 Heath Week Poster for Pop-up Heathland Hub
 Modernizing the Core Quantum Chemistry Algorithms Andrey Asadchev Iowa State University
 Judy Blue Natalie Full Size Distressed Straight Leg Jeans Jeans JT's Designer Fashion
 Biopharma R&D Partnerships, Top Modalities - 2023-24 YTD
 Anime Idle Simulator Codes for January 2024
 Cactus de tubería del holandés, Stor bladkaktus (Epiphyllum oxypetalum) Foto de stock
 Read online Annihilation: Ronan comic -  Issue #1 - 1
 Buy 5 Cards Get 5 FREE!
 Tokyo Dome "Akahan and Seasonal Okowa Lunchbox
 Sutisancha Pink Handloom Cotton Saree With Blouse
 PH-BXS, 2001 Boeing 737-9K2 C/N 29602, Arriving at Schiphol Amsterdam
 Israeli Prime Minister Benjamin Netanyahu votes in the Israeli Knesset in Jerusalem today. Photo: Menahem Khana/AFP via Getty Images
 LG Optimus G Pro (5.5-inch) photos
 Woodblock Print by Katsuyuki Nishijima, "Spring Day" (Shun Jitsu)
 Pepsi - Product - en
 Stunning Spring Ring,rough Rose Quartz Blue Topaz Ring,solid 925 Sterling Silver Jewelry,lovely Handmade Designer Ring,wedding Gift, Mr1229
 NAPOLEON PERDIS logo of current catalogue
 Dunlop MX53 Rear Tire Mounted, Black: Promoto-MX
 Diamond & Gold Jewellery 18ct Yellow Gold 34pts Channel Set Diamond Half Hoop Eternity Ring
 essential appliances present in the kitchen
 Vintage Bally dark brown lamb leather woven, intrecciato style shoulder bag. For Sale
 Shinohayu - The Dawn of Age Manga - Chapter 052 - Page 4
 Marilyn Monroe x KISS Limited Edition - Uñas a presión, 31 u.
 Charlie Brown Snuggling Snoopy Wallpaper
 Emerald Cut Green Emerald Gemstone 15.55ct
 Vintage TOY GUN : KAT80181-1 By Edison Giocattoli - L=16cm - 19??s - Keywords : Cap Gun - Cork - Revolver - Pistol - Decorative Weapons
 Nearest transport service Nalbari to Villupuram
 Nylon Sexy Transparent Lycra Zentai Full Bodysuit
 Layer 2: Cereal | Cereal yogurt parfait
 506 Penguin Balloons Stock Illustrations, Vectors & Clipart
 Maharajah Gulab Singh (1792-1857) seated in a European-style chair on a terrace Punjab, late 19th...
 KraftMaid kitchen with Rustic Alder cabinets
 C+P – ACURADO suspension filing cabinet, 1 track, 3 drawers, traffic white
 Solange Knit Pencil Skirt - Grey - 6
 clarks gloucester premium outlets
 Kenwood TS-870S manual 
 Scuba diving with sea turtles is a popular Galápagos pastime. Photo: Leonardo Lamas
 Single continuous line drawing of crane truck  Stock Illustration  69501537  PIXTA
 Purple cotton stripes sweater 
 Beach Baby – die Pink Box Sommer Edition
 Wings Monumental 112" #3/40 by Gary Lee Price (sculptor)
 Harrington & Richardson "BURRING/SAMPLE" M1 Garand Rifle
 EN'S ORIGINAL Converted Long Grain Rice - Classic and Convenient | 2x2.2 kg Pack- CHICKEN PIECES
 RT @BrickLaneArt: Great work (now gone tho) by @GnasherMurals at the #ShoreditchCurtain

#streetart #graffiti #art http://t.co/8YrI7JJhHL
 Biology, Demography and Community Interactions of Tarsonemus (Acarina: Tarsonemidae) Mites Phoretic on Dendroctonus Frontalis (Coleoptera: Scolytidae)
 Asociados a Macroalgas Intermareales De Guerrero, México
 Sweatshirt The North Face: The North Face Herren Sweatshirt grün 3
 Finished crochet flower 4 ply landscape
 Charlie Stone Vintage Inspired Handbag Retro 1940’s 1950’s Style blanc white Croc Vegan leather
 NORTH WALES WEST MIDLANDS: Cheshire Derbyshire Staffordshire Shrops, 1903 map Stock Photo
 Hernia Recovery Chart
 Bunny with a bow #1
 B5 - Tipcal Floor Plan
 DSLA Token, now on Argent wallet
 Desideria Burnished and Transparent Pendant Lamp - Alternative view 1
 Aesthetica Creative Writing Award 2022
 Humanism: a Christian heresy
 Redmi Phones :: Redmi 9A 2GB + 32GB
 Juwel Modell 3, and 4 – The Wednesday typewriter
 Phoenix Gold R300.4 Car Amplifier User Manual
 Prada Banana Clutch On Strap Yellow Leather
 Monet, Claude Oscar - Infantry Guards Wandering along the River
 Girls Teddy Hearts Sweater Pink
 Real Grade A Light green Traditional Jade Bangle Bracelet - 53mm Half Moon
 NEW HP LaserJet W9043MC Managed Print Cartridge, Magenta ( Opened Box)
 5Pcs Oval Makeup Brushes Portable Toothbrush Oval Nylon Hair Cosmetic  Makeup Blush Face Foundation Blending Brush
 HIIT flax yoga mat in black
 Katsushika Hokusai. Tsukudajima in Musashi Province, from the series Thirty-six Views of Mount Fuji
* * * *
Task description:
Print the material once more, exactly as it appears.

Answer section:
 Heath Week Poster for Pop-up Heathland Hub
 Modernizing the Core Quantum Chemistry Algorithms Andrey Asadchev Iowa State University
 Judy Blue Natalie Full Size Distressed Straight Leg Jeans Jeans JT's Designer Fashion
 Biopharma R&D Partnerships, Top Modalities - 2023-24 YTD
 Anime Idle Simulator Codes for January 2024
 Cactus de tubería del holandés, Stor bladkaktus (Epiphyllum oxypetalum) Foto de stock
 Read online Annihilation: Ronan comic -  Issue #1 - 1
 Buy 5 Cards Get 5 FREE!
 Tokyo Dome "Akahan and Seasonal Okowa Lunchbox
 Sutisancha Pink Handloom Cotton Saree With Blouse
 PH-BXS, 2001 Boeing 737-9K2 C/N 29602, Arriving at Schiphol Amsterdam
 Israeli Prime Minister Benjamin Netanyahu votes in the Israeli Knesset in Jerusalem today. Photo: Menahem Khana/AFP via Getty Images
 LG Optimus G Pro (5.5-inch) photos
 Woodblock Print by Katsuyuki Nishijima, "Spring Day" (Shun Jitsu)
 Pepsi - Product - en
 Stunning Spring Ring,rough Rose Quartz Blue Topaz Ring,solid 925 Sterling Silver Jewelry,lovely Handmade Designer Ring,wedding Gift, Mr1229
 NAPOLEON PERDIS logo of current catalogue
 Dunlop MX53 Rear Tire Mounted, Black: Promoto-MX
 Diamond & Gold Jewellery 18ct Yellow Gold 34pts Channel Set Diamond Half Hoop Eternity Ring
 essential appliances present in the kitchen
 Vintage Bally dark brown lamb leather woven, intrecciato style shoulder bag. For Sale
 Shinohayu - The Dawn of Age Manga - Chapter 052 - Page 4
 Marilyn Monroe x KISS Limited Edition - Uñas a presión, 31 u.
 Charlie Brown Snuggling Snoopy Wallpaper
 Emerald Cut Green Emerald Gemstone 15.55ct
 Vintage TOY GUN : KAT80181-1 By Edison Giocattoli - L=16cm - 19??s - Keywords : Cap Gun - Cork - Revolver - Pistol - Decorative Weapons
 Nearest transport service Nalbari to Villupuram
 Nylon Sexy Transparent Lycra Zentai Full Bodysuit
 Layer 2: Cereal | Cereal yogurt parfait
 506 Penguin Balloons Stock Illustrations, Vectors & Clipart
 Maharajah Gulab Singh (1792-1857) seated in a European-style chair on a terrace Punjab, late 19th...
 KraftMaid kitchen with Rustic Alder cabinets
 C+P – ACURADO suspension filing cabinet, 1 track, 3 drawers, traffic white
 Solange Knit Pencil Skirt - Grey - 6
 clarks gloucester premium outlets
 Kenwood TS-870S manual 
 Scuba diving with sea turtles is a popular Galápagos pastime. Photo: Leonardo Lamas
 Single continuous line drawing of crane truck  Stock Illustration  69501537  PIXTA
 Purple cotton stripes sweater 
 Beach Baby – die Pink Box Sommer Edition
 Wings Monumental 112" #3/40 by Gary Lee Price (sculptor)
 Harrington & Richardson "BURRING/SAMPLE" M1 Garand Rifle
 EN'S ORIGINAL Converted Long Grain Rice - Classic and Convenient | 2x2.2 kg Pack- CHICKEN PIECES
 RT @BrickLaneArt: Great work (now gone tho) by @GnasherMurals at the #ShoreditchCurtain

#streetart #graffiti #art http://t.co/8YrI7JJhHL
 Biology, Demography and Community Interactions of Tarsonemus (Acarina: Tarsonemidae) Mites Phoretic on Dendroctonus Frontalis (Coleoptera: Scolytidae)
 Asociados a Macroalgas Intermareales De Guerrero, México
 Sweatshirt The North Face: The North Face Herren Sweatshirt grün 3
 Finished crochet flower 4 ply landscape
 Charlie Stone Vintage Inspired Handbag Retro 1940’s 1950’s Style blanc white Croc Vegan leather
 NORTH WALES WEST MIDLANDS: Cheshire Derbyshire Staffordshire Shrops, 1903 map Stock Photo
 Hernia Recovery Chart
 Bunny with a bow #1
 B5 - Tipcal Floor Plan
 DSLA Token, now on Argent wallet
 Desideria Burnished and Transparent Pendant Lamp - Alternative view 1
 Aesthetica Creative Writing Award 2022
 Humanism: a Christian heresy
 Redmi Phones :: Redmi 9A 2GB + 32GB
 Juwel Modell 3, and 4 – The Wednesday typewriter
 Phoenix Gold R300.4 Car Amplifier User Manual
 Prada Banana Clutch On Strap Yellow Leather
 Monet, Claude Oscar - Infantry Guards Wandering along the River
 Girls Teddy Hearts Sweater Pink
 Real Grade A Light green Traditional Jade Bangle Bracelet - 53mm Half Moon
 NEW HP LaserJet W9043MC Managed Print Cartridge, Magenta ( Opened Box)
 5Pcs Oval Makeup Brushes Portable Toothbrush Oval Nylon Hair Cosmetic  Makeup Blush Face Foundation Blending Brush
 HIIT flax yoga mat in black
 Katsushika Hokusai. Tsukudajima in Musashi Province, from the series Thirty-six Views of Mount Fuji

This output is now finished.